By combining Genetic Programming (GP) with program synthesis, the title invites the GP and program synthesis communities to bridge the gap between them. At the same time, it refocuses effort on the dream behind GP, that is, automatic computer programming. The dream (rather than just predictive modelling) distinguishes GP from a host of Machine Learning (ML) algorithms that are not designed to produce software. And so echoes the essence of discussions on how best to position GP in the wake of the recent successes enjoyed by some competing ML algorithms.

The preface sets a clear agenda. It wants GP to synthesise arbitrarily complex programs. To do this it says GP needs multifaceted fitness feedback. Typically, instead, the only feedback that GP is given is a scalar measure of the disparity between the actual and the ideal program outputs. The book calls this scalar feedback the evaluation bottleneck, as it blocks the kind of extra information that a human evaluator might use to evaluate a piece of code. Although not quite humanised, the multifaceted feedback which it advocates comes from a combination of sophisticated search drivers. Each driver attempts to quantify intricate aspects of the evolved program’s behavior. Essentially, the goal is to convert program verification in GP from a black box into a white box by using much more sophisticated multi-objective fitness measures which include knowledge of the program’s internals as well as its external outputs.

Another critical aspect of programming is modularity (reusable subprograms). However, for GP, finding useful subprograms has been a challenge in part because the fitness function is blind to the role of subprograms. As a result, programs with potentially useful subprograms may be lost due to an overall poor rating. Krawiec addresses the challenge effectively with a simple yet novel approach that applies a Machine Learning classifier to the execution record of a GP-evolved program to identify a set of important subprograms. An execution record is a matrix of execution traces. Each row of the matrix corresponds to a set of inputs and contains the execution trace which records the sequence of effects of an executing program on its execution environment. The next row records the effects when the program is given the next set of inputs, and so on. Each column in the execution record corresponds to a particular sub-sequence of instructions, and the ML-classifier treats each column as an attribute. The ML-classifier then uses a subset of these attributes to model the ideal output desired from the program. The subset thus identified becomes the set of important subprograms. These subprograms are saved in an archive for later reuse. Chapter 10 shows that this archive further improves performance of several other ideas proposed later in the book. Thus, it potentially advances the state of the art in automatic identification of useful subprograms in GP; however, inexplicably, the preface does not highlight this.
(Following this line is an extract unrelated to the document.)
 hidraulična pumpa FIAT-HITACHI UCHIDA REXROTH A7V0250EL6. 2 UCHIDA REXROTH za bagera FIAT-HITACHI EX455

The notion of recording the execution record is central to the book. For instance, Chapter 11 poses the execution record as a treasure chest of information that can be further exploited to derive useful search drivers. The final chapter recommends that the choice of such drivers should influence all aspects of metaheuristic-design, including initialisation, selection and program modification.

The book throws up a surprise in Chapter 10 when it shows that a many-objective search helps program synthesis. This is at odds with conventional wisdom which suggests that search with many objectives may degrade into random search.
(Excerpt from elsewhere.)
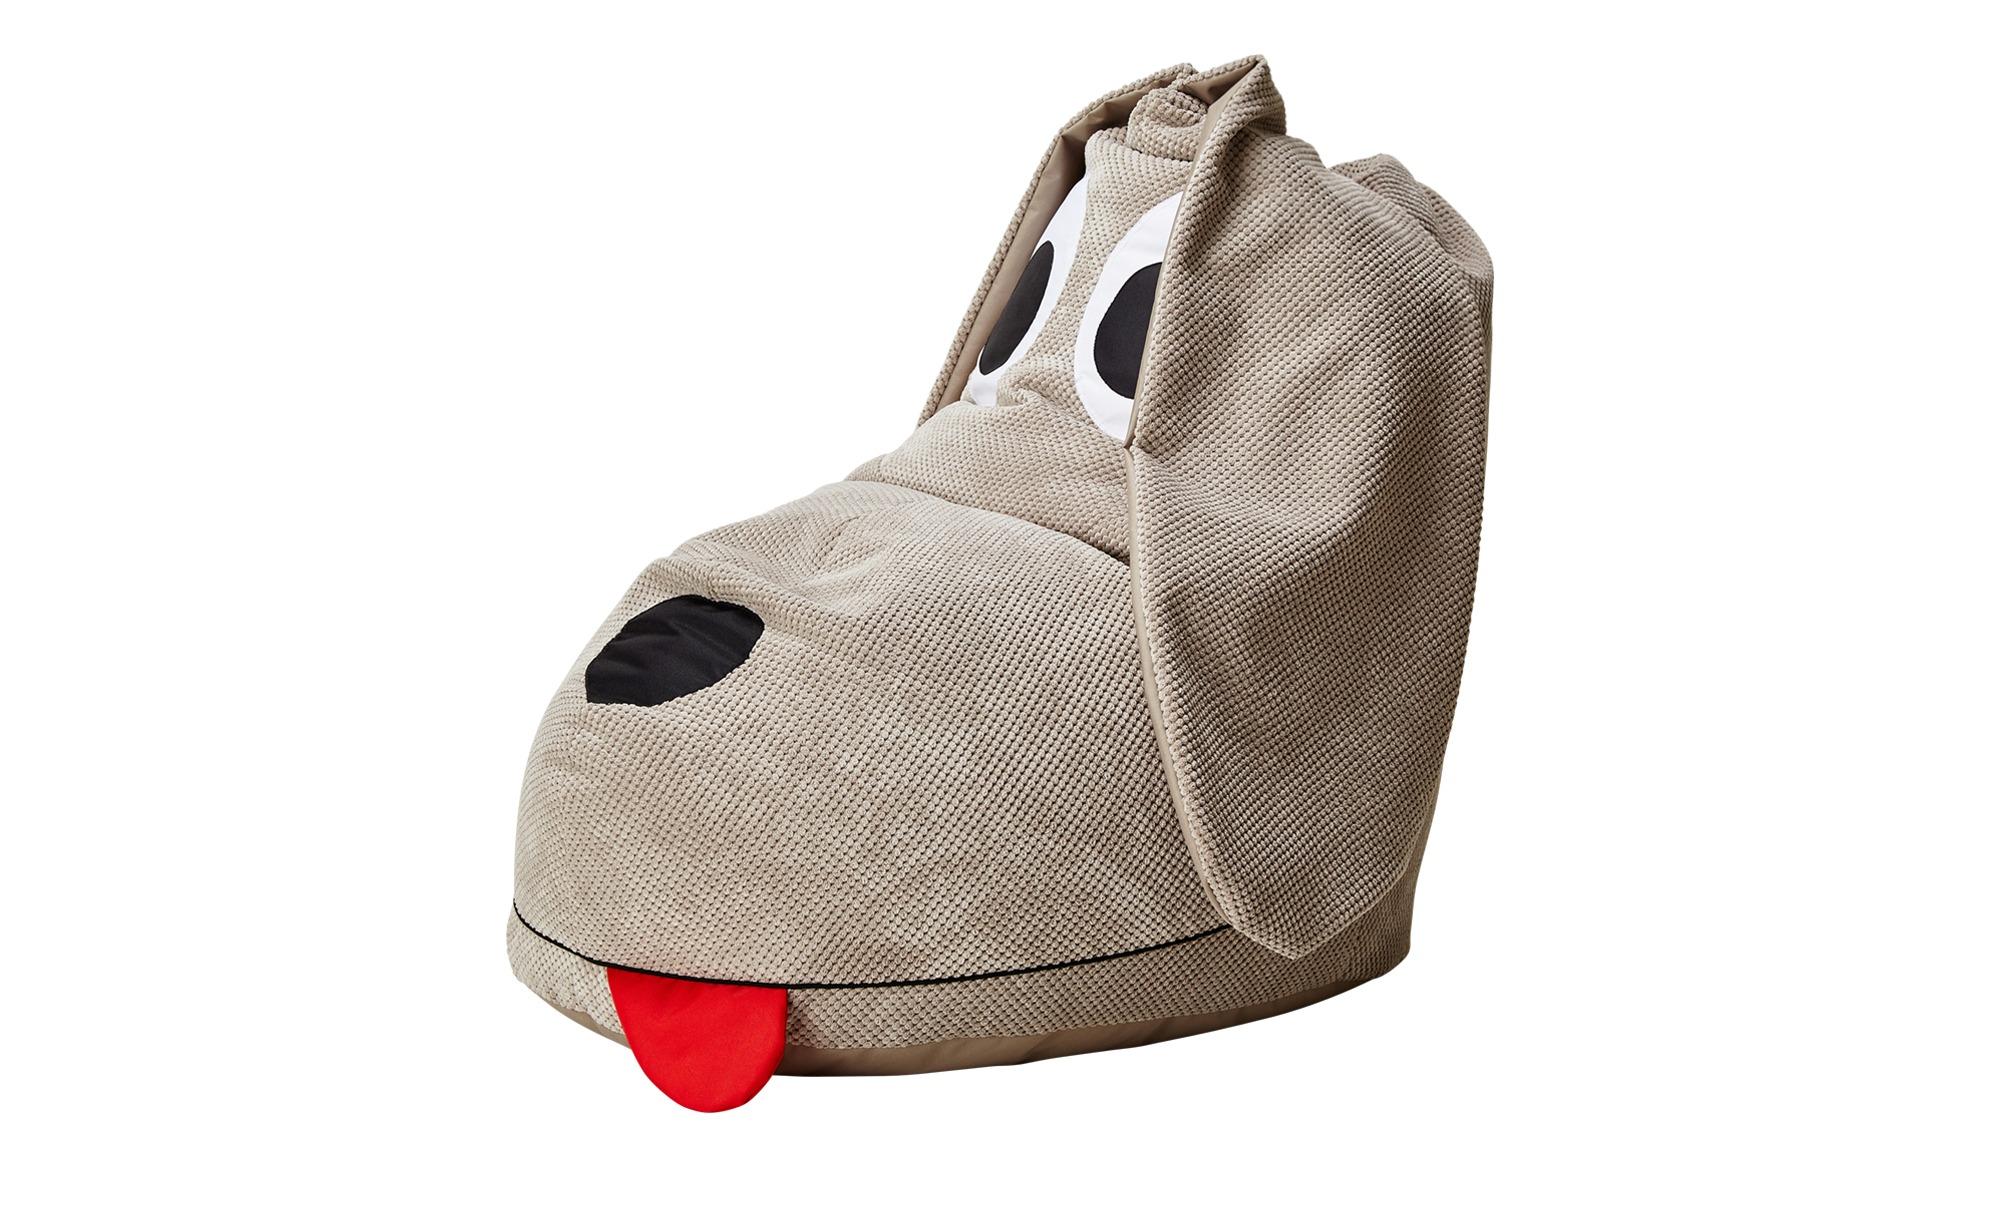 Motiv-Sitzsack 'Dog'

Nevertheless, Krawiec shows that the best performance comes with multiobjective search with up to five objectives. Although the book’s principle recommendation is using multifaceted evaluation, it does not explain why so many objectives work well together.

Chapters 1–3 give the background; chapters 4–8 describe increasingly sophisticated measures to capture the behavior of a given program and how to use them to promote modularity in GP. Finally chapters 9–12 round up the discussion by presenting them as ways to drive the search. After reading the first three chapters, the reader can skip chapters 4 and 5 because the subsequent text does not critically depend on them.

Generally the text is very good. It first establishes the enormity of the challenge that automatic program synthesis poses, and then builds towards potentially ground breaking work that goes some way towards scaling this challenge. Rarely does a passage require re-reading and typing errors are rare. However, although the book addresses a broad audience interested in program synthesis, it inevitably draws on bio-inspired optimisation. Therefore, to appreciate the nuances some background in GP is essential. As such the book is only suitable for postgraduate or advanced undergraduate level.

It is important not to overstate Behavioral Program Synthesis with Genetic Programming’s accomplishments. It does not tackle constructs such as loops and conditionals. Also, it only briefly comments on computational expense. Moreover, Chapter 10 should have been reorganised to separate desirable search drivers (as described in section 9.12) from the search drivers in general. This would help the reader to appreciate the critique of previous work in section 9.10. Furthermore, the bibliography might have included work on automatic synthesis of parallel programs with GP. Then there are some follow-up questions. Why do many search objectives work in tandem? Is it because of a loosely monotonic relationship between them? Must that relationship be designed by the experimenter? Finally do the results from Chapter 10 apply to Semantic GP described in Chapter 5?

Overall the book advances the state of the art in GP based program synthesis. It is compact (only 147 pages). It offers excellent value and I highly recommend it.